Something as old – and easy – as yoga might help something far more challenging: opioid withdrawal.
In a randomized clinical trial appearing online this week in JAMA Psychiatry, researchers report that adding structured yoga sessions to standard medication dramatically accelerated recovery from opioid withdrawal. The intervention also appeared to help with anxiety symptoms, improved sleep, curbed pain, and ultimately helped restore balance to the autonomic nervous system.
Methodology
The study followed nearly five dozen hospitalized men in India with opioid use disorder. All of them reported mild to moderate symptoms of opioid withdrawal. The researchers administered buprenorphine to every participant.
The study’s authors also assigned half of the participants to a two-week yoga program that included ten supervised, 45-minute sessions blending gentle postures, breathing exercises, relaxation practices, and guided meditation.
Startling Results
The results exceeded even the most optimistic expectations. Patients in the yoga group stabilized more than four times faster than those who simply received medication. Patients who practiced yoga stabilized in a median of five days, compared with nine days in the control group. Both groups received similar doses of buprenorphine.
Beyond symptom relief, the researchers wanted to know what else was going on. Opioid withdrawal remains a period of intense physiological stress, exacerbated by overactivation of the sympathetic “fight-or-flight” system and suppression of parasympathetic calming signals. Standard medications blunt some of the usual cravings and symptoms , but don’t do much to address this imbalance. And that could help explain why relapse risk is highest in the earliest days of treatment.
To probe that mechanism, investigators measured heart rate variability (HRV). By day 15, the yoga group showed large improvements in HRV, including higher parasympathetic activity and a healthier balance between sympathetic and parasympathetic tone. Mediation analyses suggested that roughly one-quarter of yoga’s benefit in speeding withdrawal recovery could be explained by the boost in parasympathetic regulation.
Benefits Beyond Withdrawal Relief
Clinical improvements extended beyond withdrawal scores. Compared with controls, participants practicing yoga showed far greater drops in anxiety, fell asleep about an hour faster on average, and reported less pain. These effects are especially helpful during withdrawal, when discomfort and emotional distress often drive patients back to the drugs.

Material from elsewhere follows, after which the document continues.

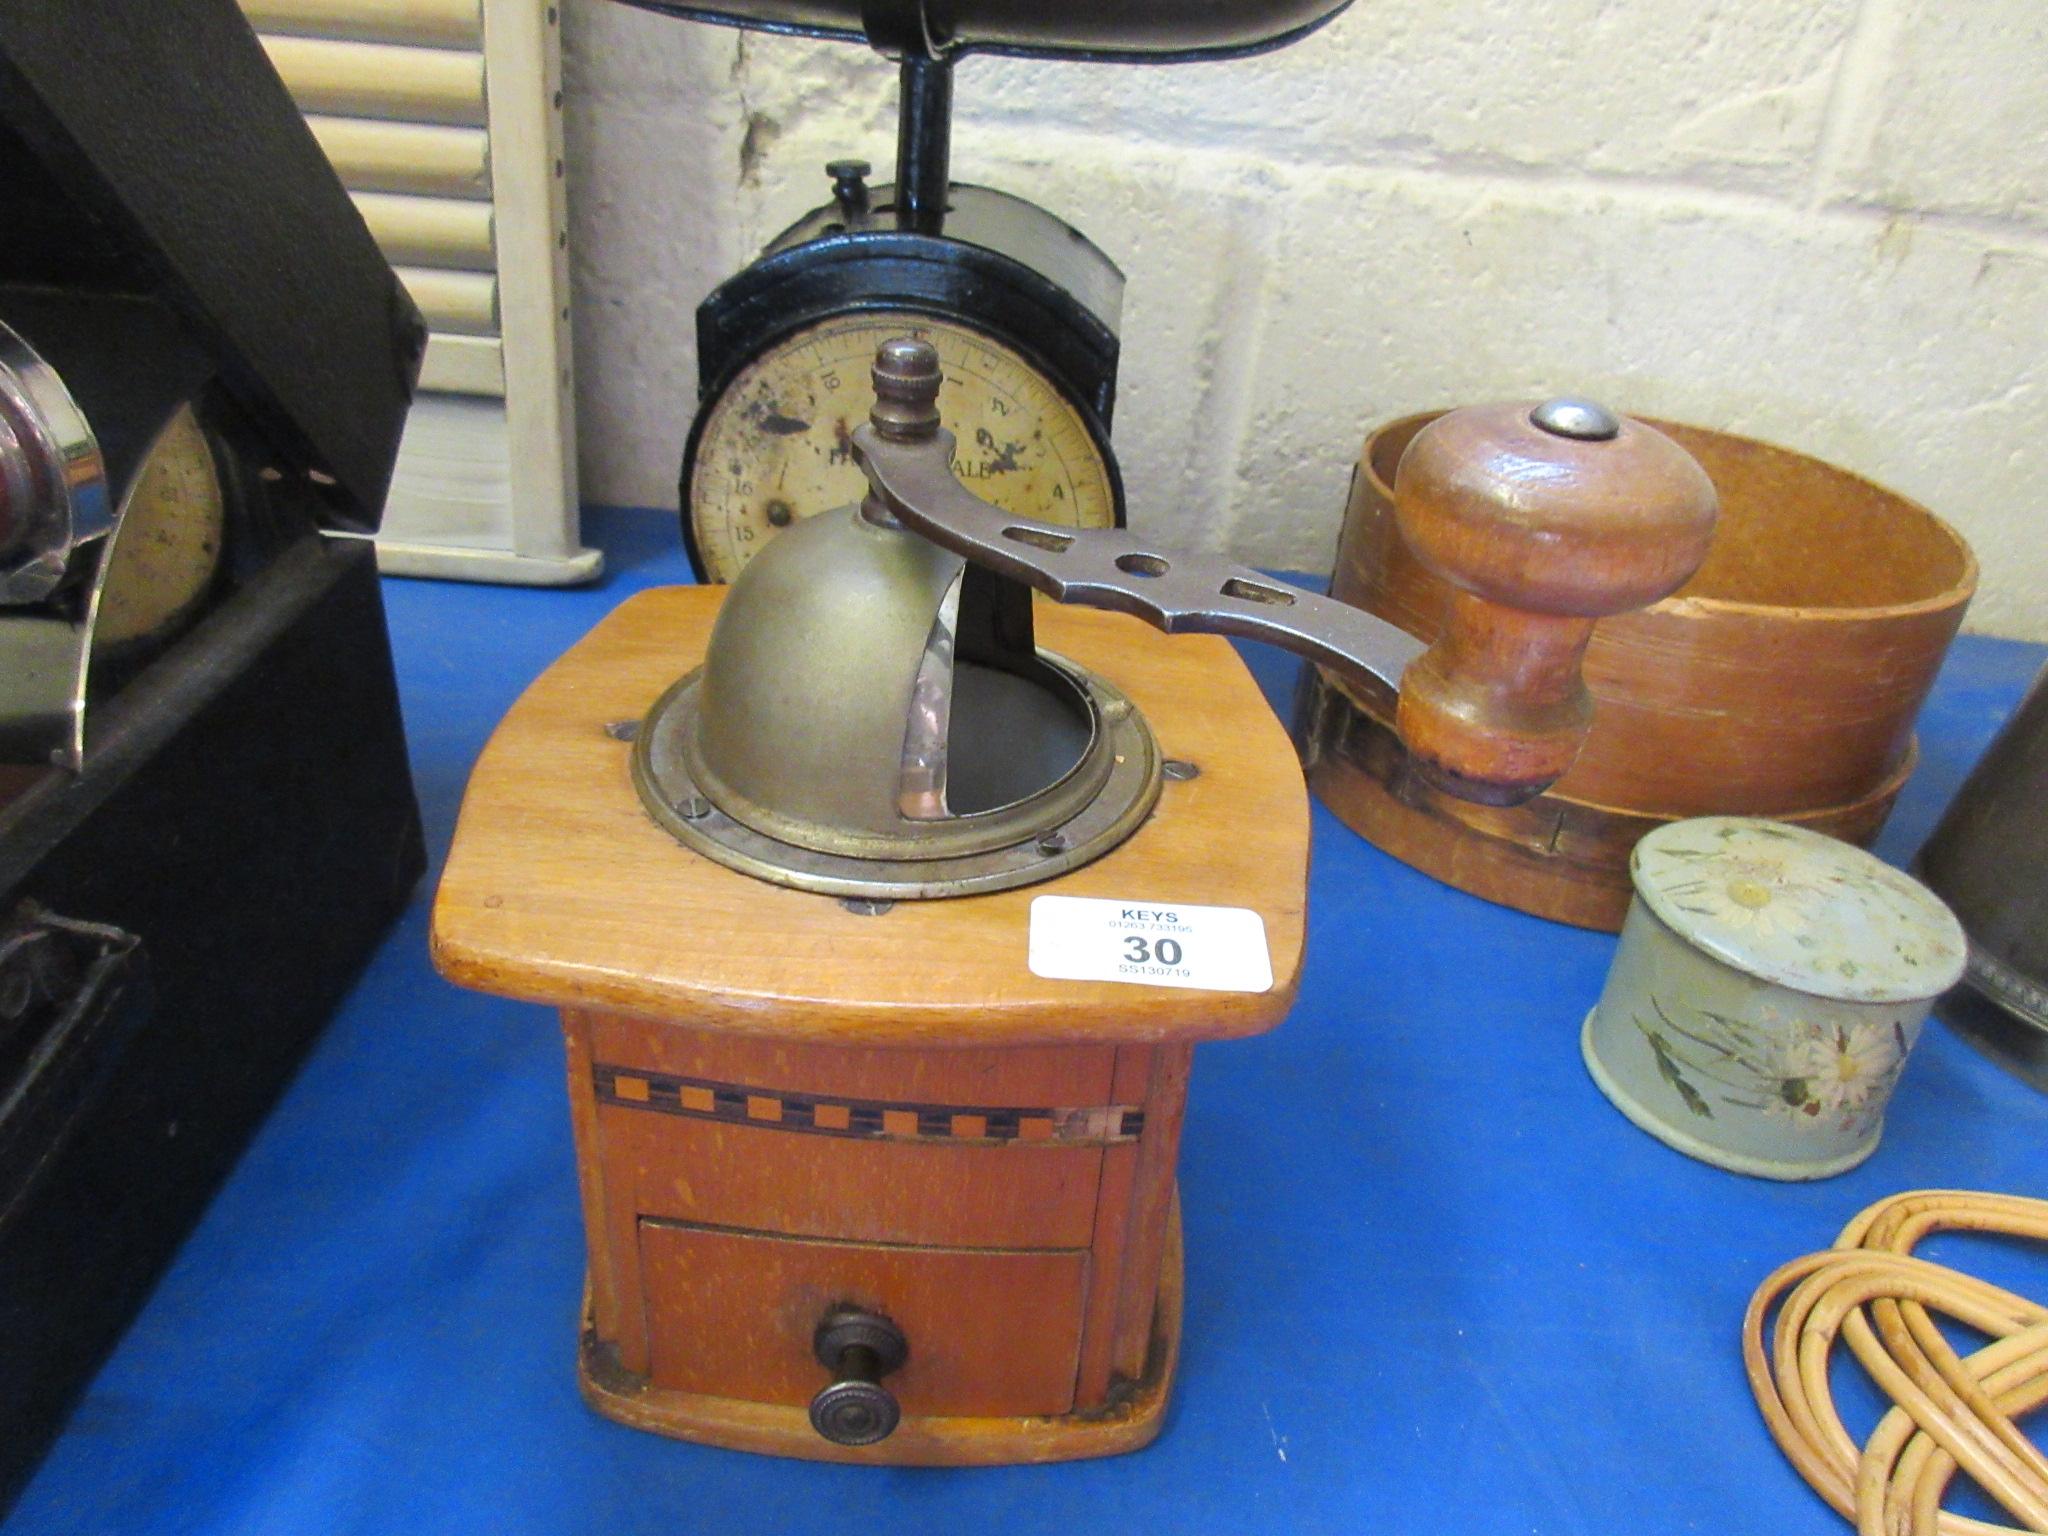 Lot 30 - Inlaid coffee grinder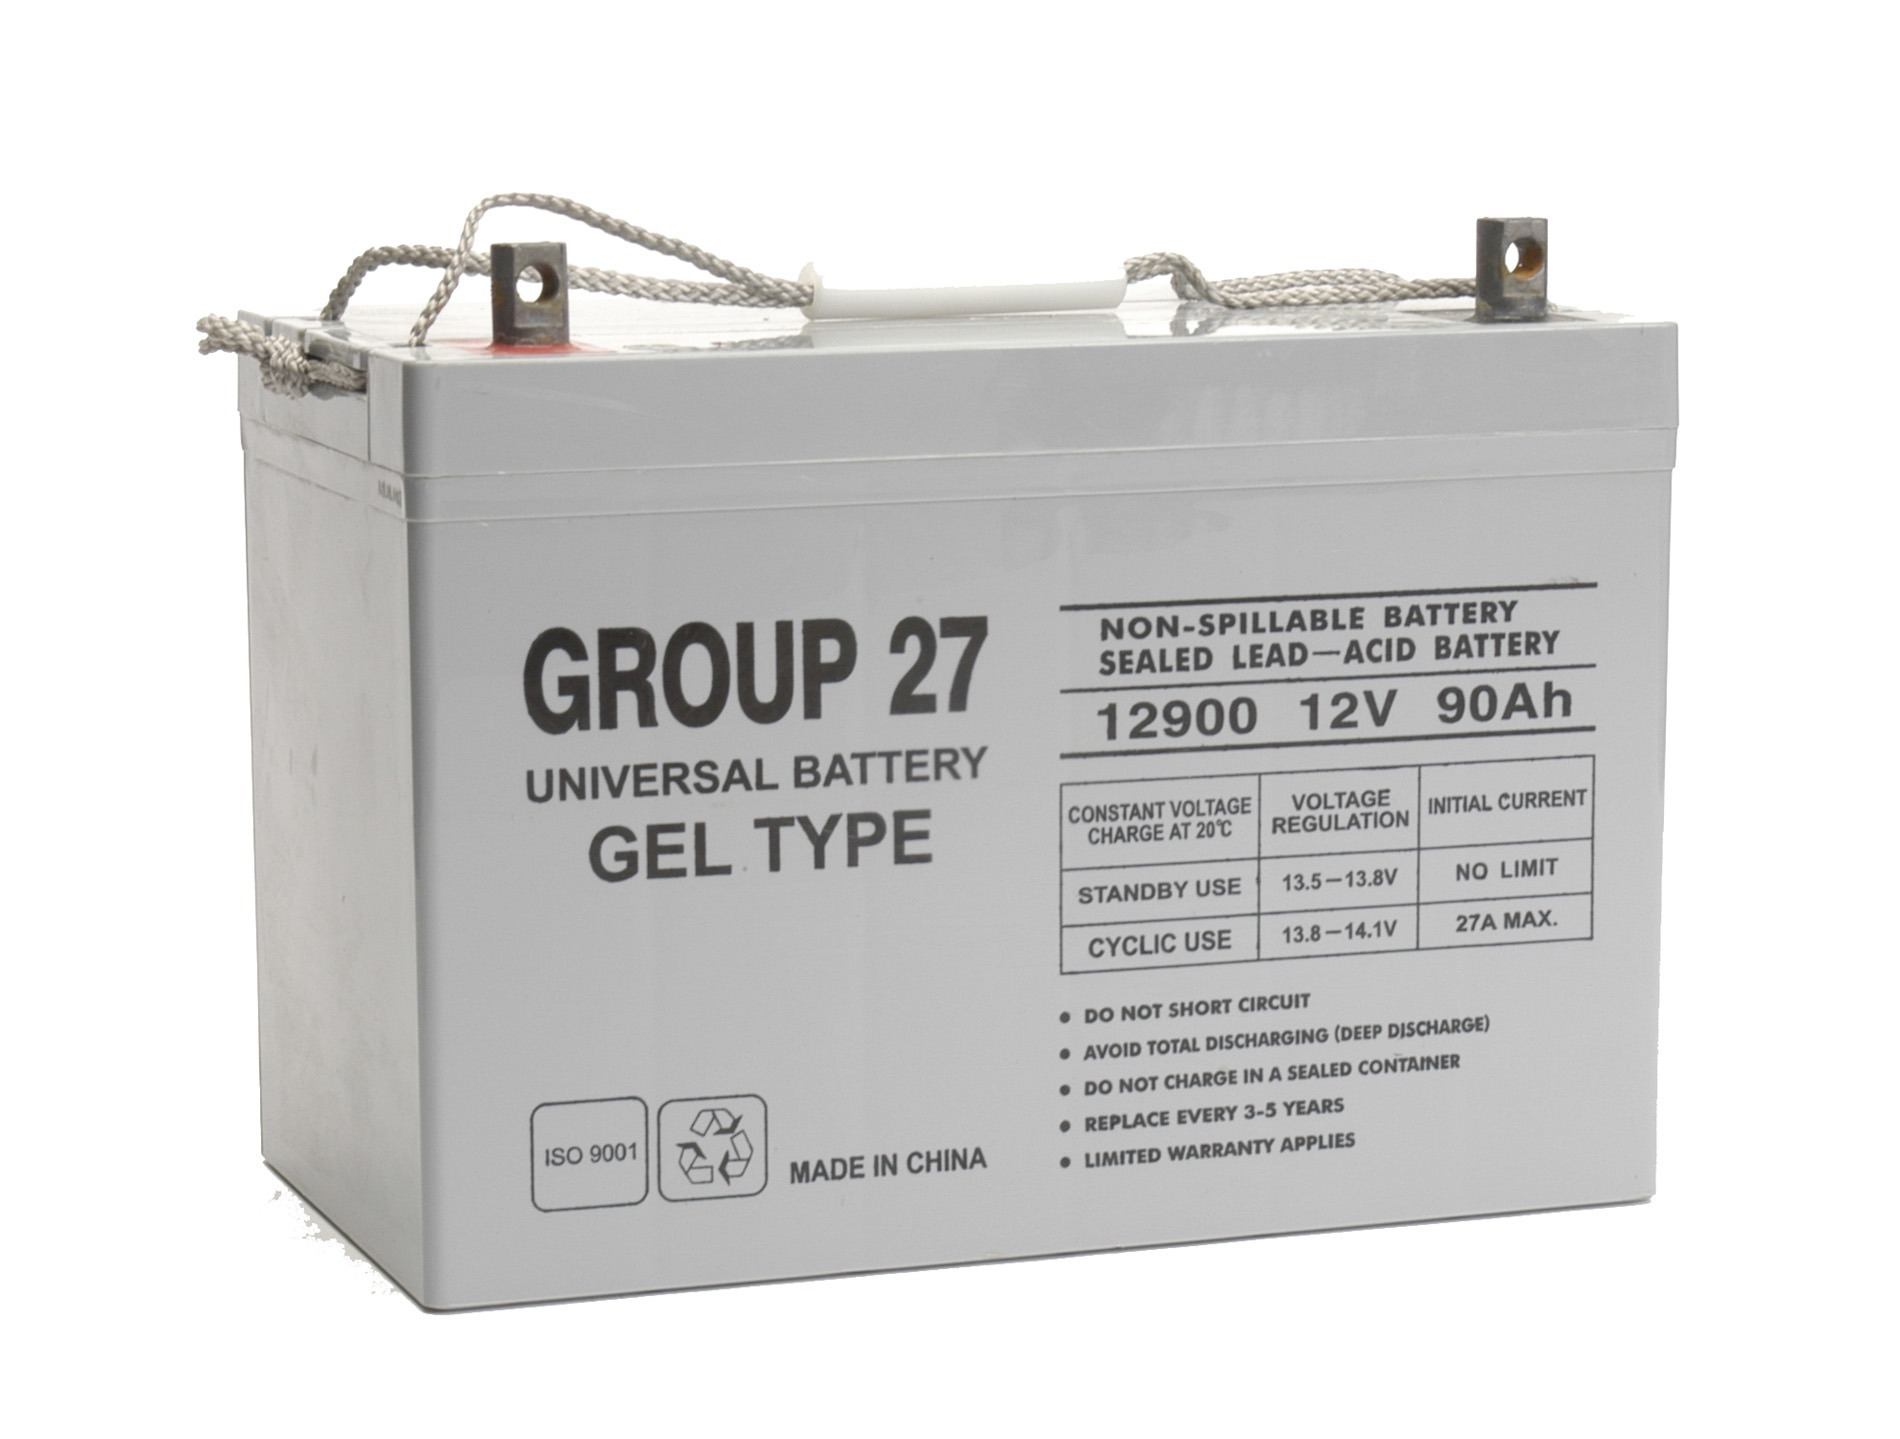 UB12900 (Group 27) 12v 90ah Gel Battery for Wheelchairs Of Kansas BCWPR

Researchers ensured that the yoga sessions themselves were deliberately low-threshold. Clinicians conducted the sessions bedside when necessary and designed them to remain feasible even during the worst of the withdrawal symptoms, when concentration wanes and distress is highest.
While some breathing techniques produced short-term sympathetic activation, the pattern consistently resolved into stronger parasympathetic rebound over time, suggesting a process of autonomic “rehabilitation.”
Caveats – and Next Steps
The authors warn, however, that the trial was a small one. It didn’t take much time, took place at a single center, and included only male participants. While this reflected local patterns of opioid use, it did limit wider applicability.
The study also lacked an active behavioral control, making it impossible to rule out nonspecific effects such as additional attention or structure.
Still, the objective physiological changes and clear differences in recovery time argue against a simple placebo effect.
If larger and more diverse trials can confirm the results of this study, it could uncover a simple but effective supplement to existing care. By targeting the biological stress systems that medications often miss, yoga could help patients move through the most vulnerable phase of opioid treatment more quickly. It might also offer a bit more physiological breathing room, too.